Multiple lines of evidence argue against this latter view. First, although RVM terminals are not limited to the dorsal horn, projections of OFF- and ON-cells to the dorsal horn have been identified, including interactions with primary afferent terminals (Zhang et al., 2015). Second, activity of RVM neurons is well correlated with activity of dorsal horn nociceptive neurons, and less strongly linked to motor output (Salas et al., 2016). Third, manipulations of RVM can be demonstrated to modulate the affective dimension of pain, and not simply spinal reflexes (Gomtsian et al., 2018). Viewed as a whole, these data strongly support the idea that the brainstem descending control system modulates nociception as a sensory system.
Why is it a challenge to analyse the RVM circuitry properly?
An important challenge to analysis of RVM circuitry has been the difficulty of applying genetic tools to the two cell classes, since neither OFF-cells nor ON-cells, as a class, express a specific neurotransmitter. Over half of both the OFF- and ON-cell classes are GABAergic, implying that function derives from connectivity rather than cell “type”. Indeed, it is likely that GABAergic ON-cells facilitate nociception by inhibiting GABA-mediated circuits at the level of the dorsal horn (Francois et al., 2017). There is also recent evidence suggesting that co-localization of enkephalin with GABA might be a marker for OFF-cells, since specific activation of RVM GABA+enkephalin neurons produced antinociception (Zhang et al., 2015). Verifying this possibility will require significant additional analysis. This is because, as already noted, co-activation of ON-cells and OFF-cells produces antinociception, thus the possibility that some GABA+enkephalin neurons are ON-cells cannot be ruled out.
Is 5-HT a key neurotransmitter in descending facilitation?
5-HT is the neurotransmitter of the major projection from the RVM to the spinal cord.

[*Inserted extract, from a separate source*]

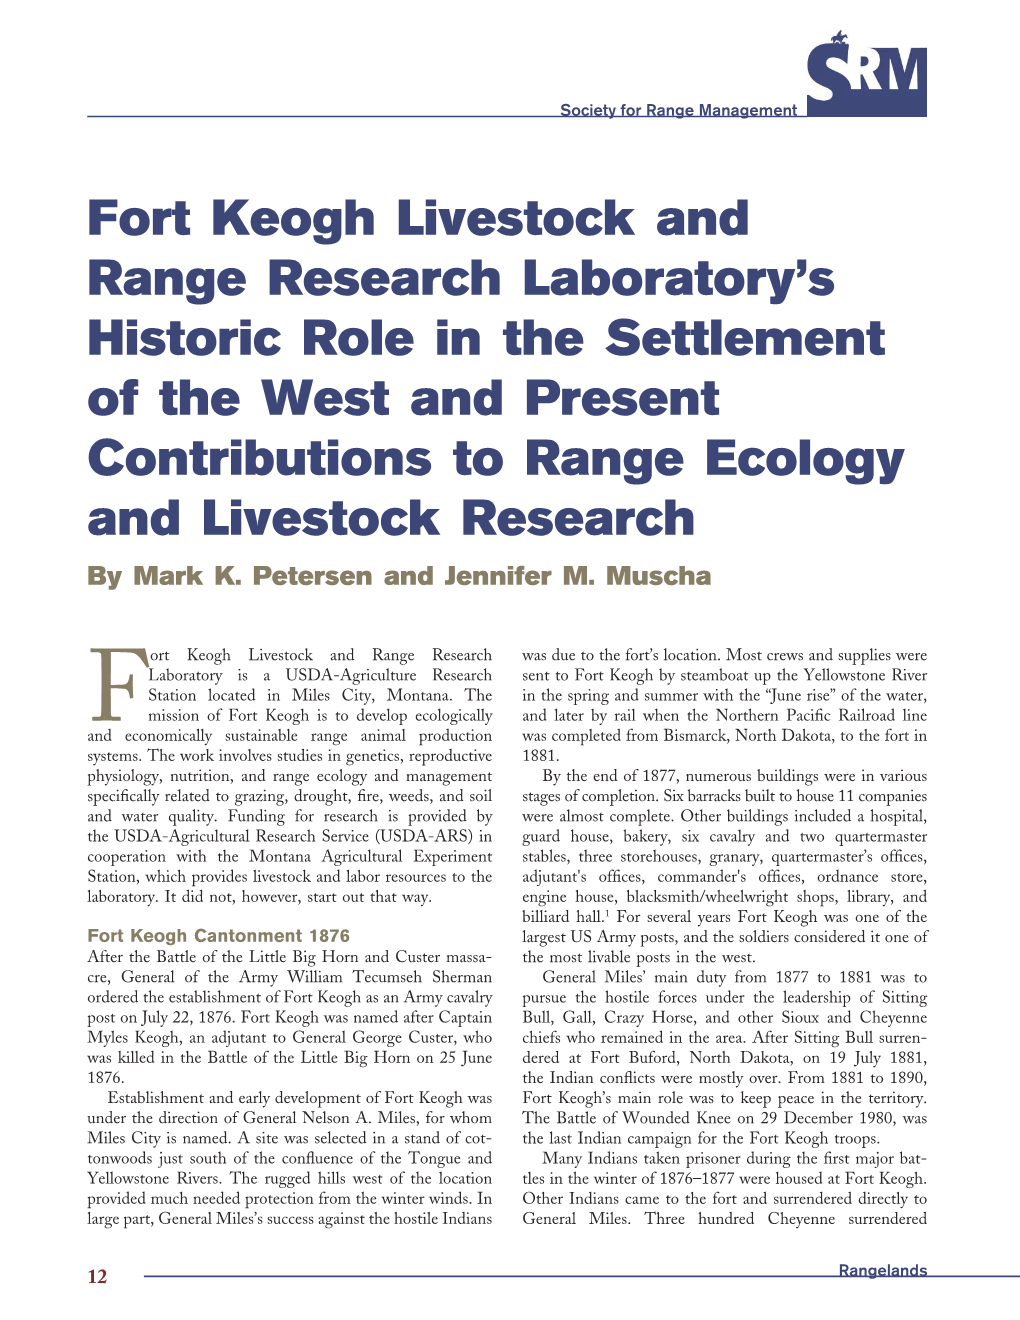 Fort Keogh Livestock and Range Research Laboratory's Historic

Kim et al., (2014) found that in a neuropathic pain model, extensive TRPV1 hyperactivity was observed in central terminals innervating all dorsal horn laminae. They also showed that the central terminal TRPV1 sensitization was maintained by descending serotonergic (5-HT) input from the brainstem and that central blockade of TRPV1 or 5-HT/5-HT3A receptors attenuated central terminal sensitization, excitatory primary afferent inputs, and mechanical hyperalgesia.

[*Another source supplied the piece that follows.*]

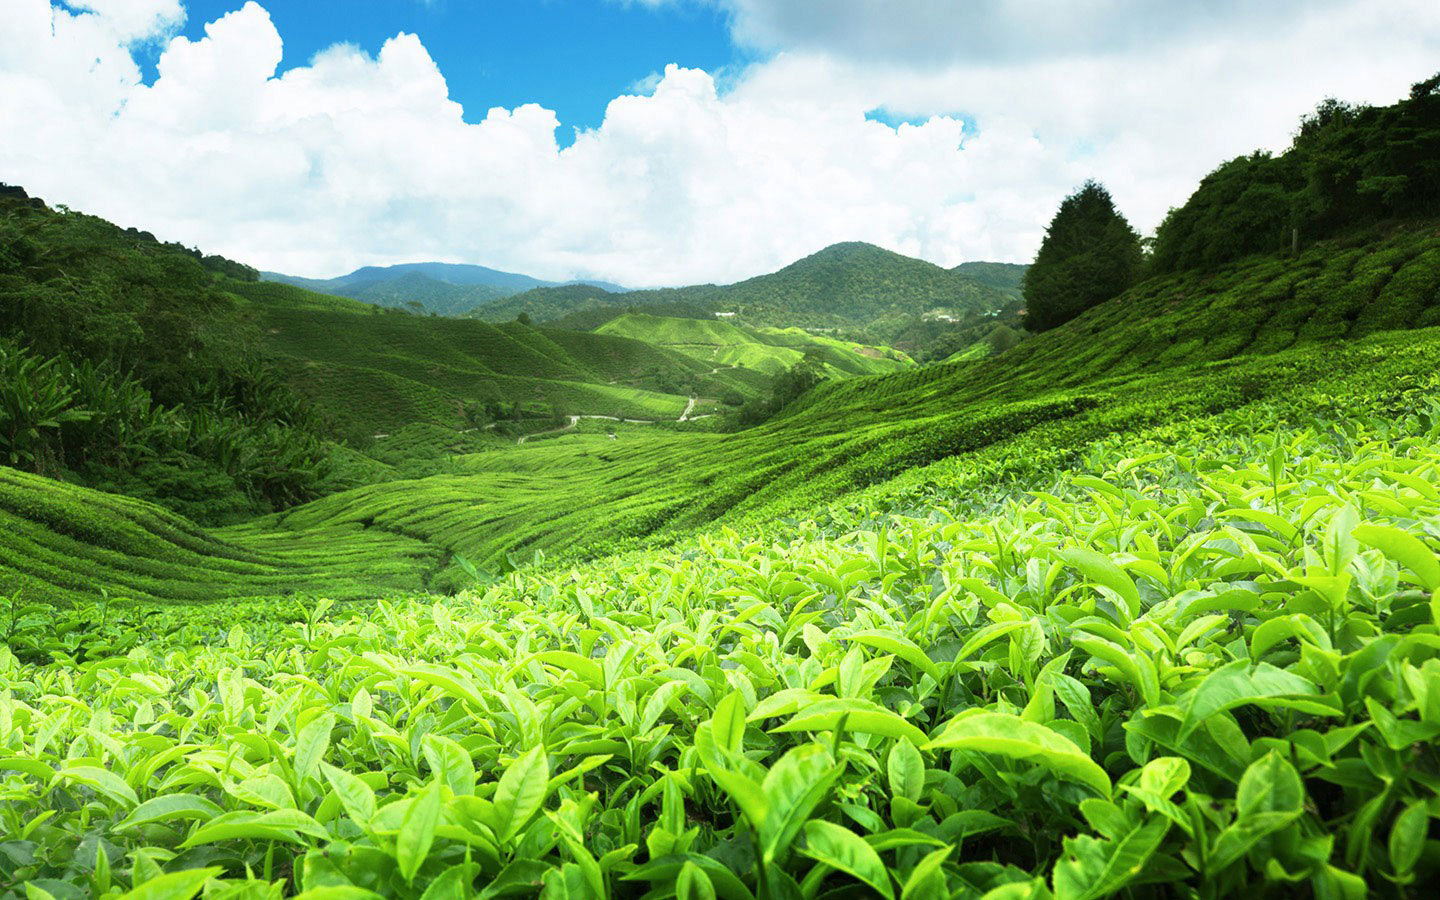 Tea plantation in Sri Lanka. Beautiful landscape

A candidate molecular link between 5-HT3AR and its downstream effector TRPV1 is PKC since it can be activated by 5-HT3AR and phosphorylation of TRPV1 by PKC leads to potentiation of TRPV1 activity (Vay et al., 2012).

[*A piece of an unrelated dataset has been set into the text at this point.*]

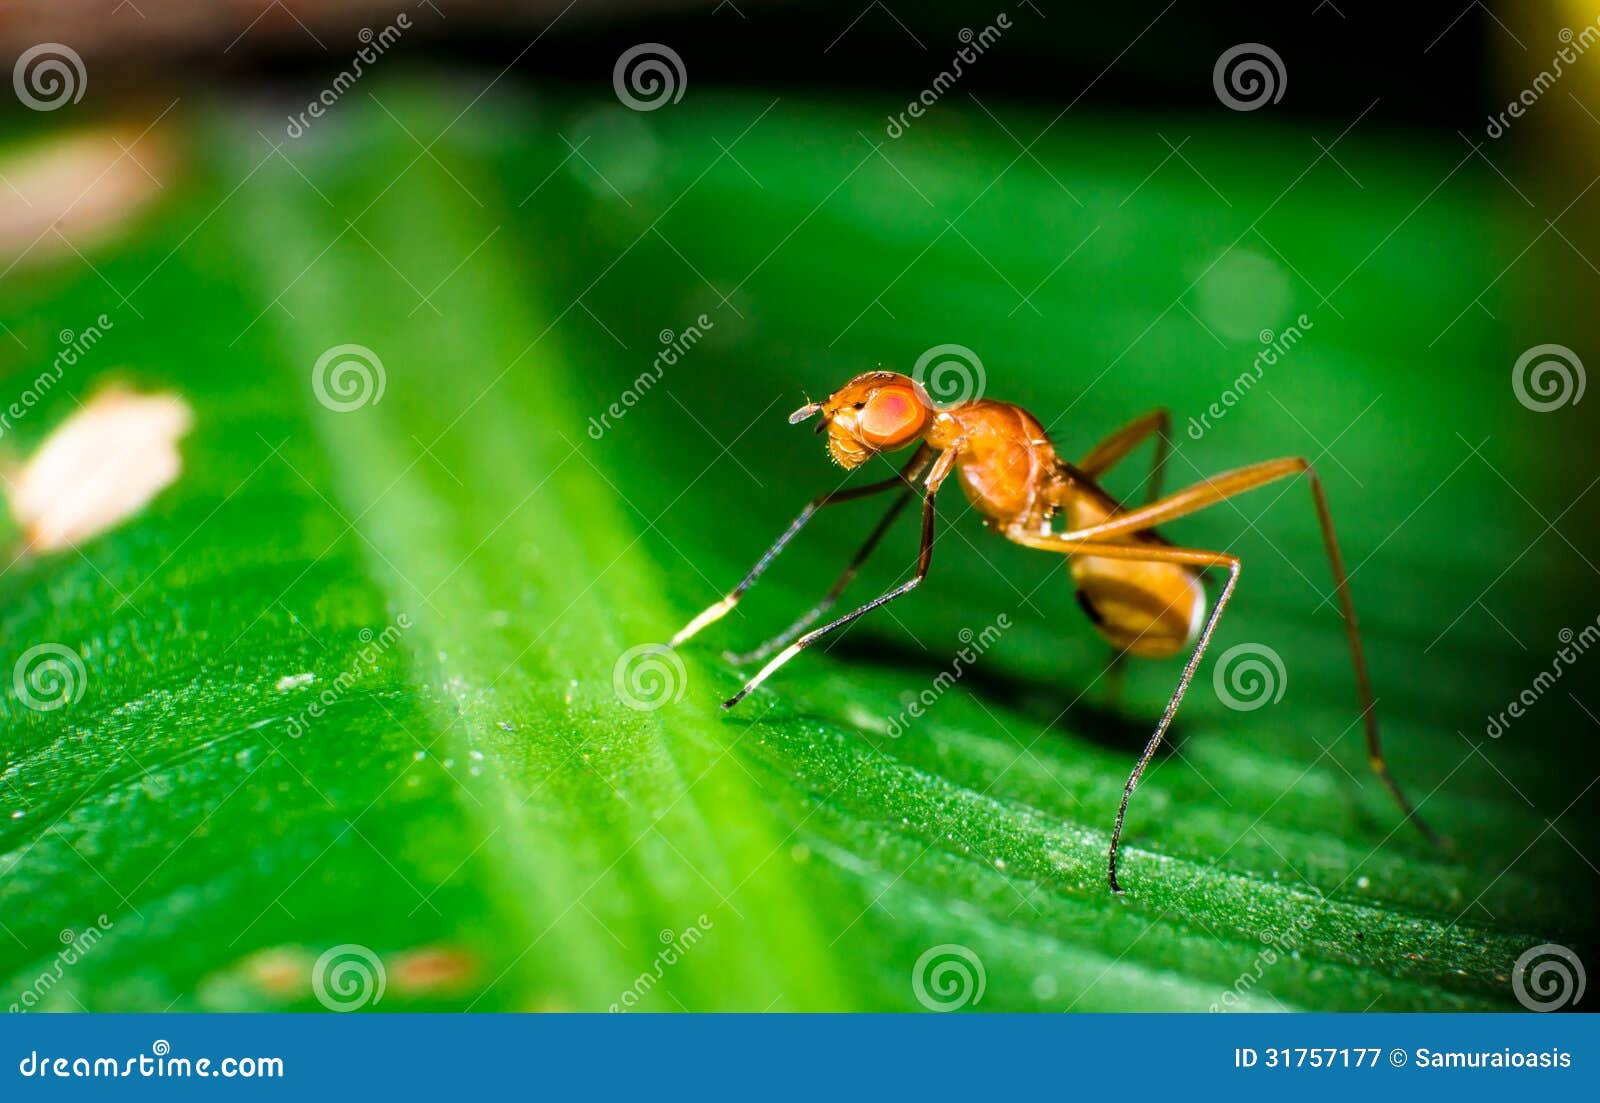 Formiga da mosca. Natureza social do inseto macro preto

Is descending facilatation mediated through activation of 5HT3 receptors?
In vivo electrophysiological methods, have demonstrated a pro-nociceptive function for spinal 5-HT3 receptors on spinal neuronal activity since topical spinal application of the selective antagonist ondansetron significantly reduced spinal neuronal activity in normal and pathaphysiological conditions (Suzuki et al., 2004)
How do genetic studies show that 5HT3R is essential for descending facilitation?
Substantiating the role of 5-HT3Rs in pain maintenance further, KO mice lacking the A subunit of the 5-HT3R, which is required for functionality of the receptor, have been shown to display normal acute pain-like responses, but attenuated ongoing hypersensitivity produced by formalin-induced inflammation (Zeitz et al., 2002). Taken together, these results show that 5-HT facilitates persistent pain-like states via activation of 5-HT3Rs most likely due to an increased descending serotonergic drive from higher centres in the brain and in particular, the rostral ventromedial medulla (RVM)
Do other decending inhibitory pathways exist outside of the RVM?
NA pathway (has a powerful analgesic effect on dorsal horn through activation of alpa2R) and the Diffuse noxious inhibitory control (DNIC)
DNIC requires the dorsal reticularis nucleus (DRt) and interacts with WDR in the dorsal horn.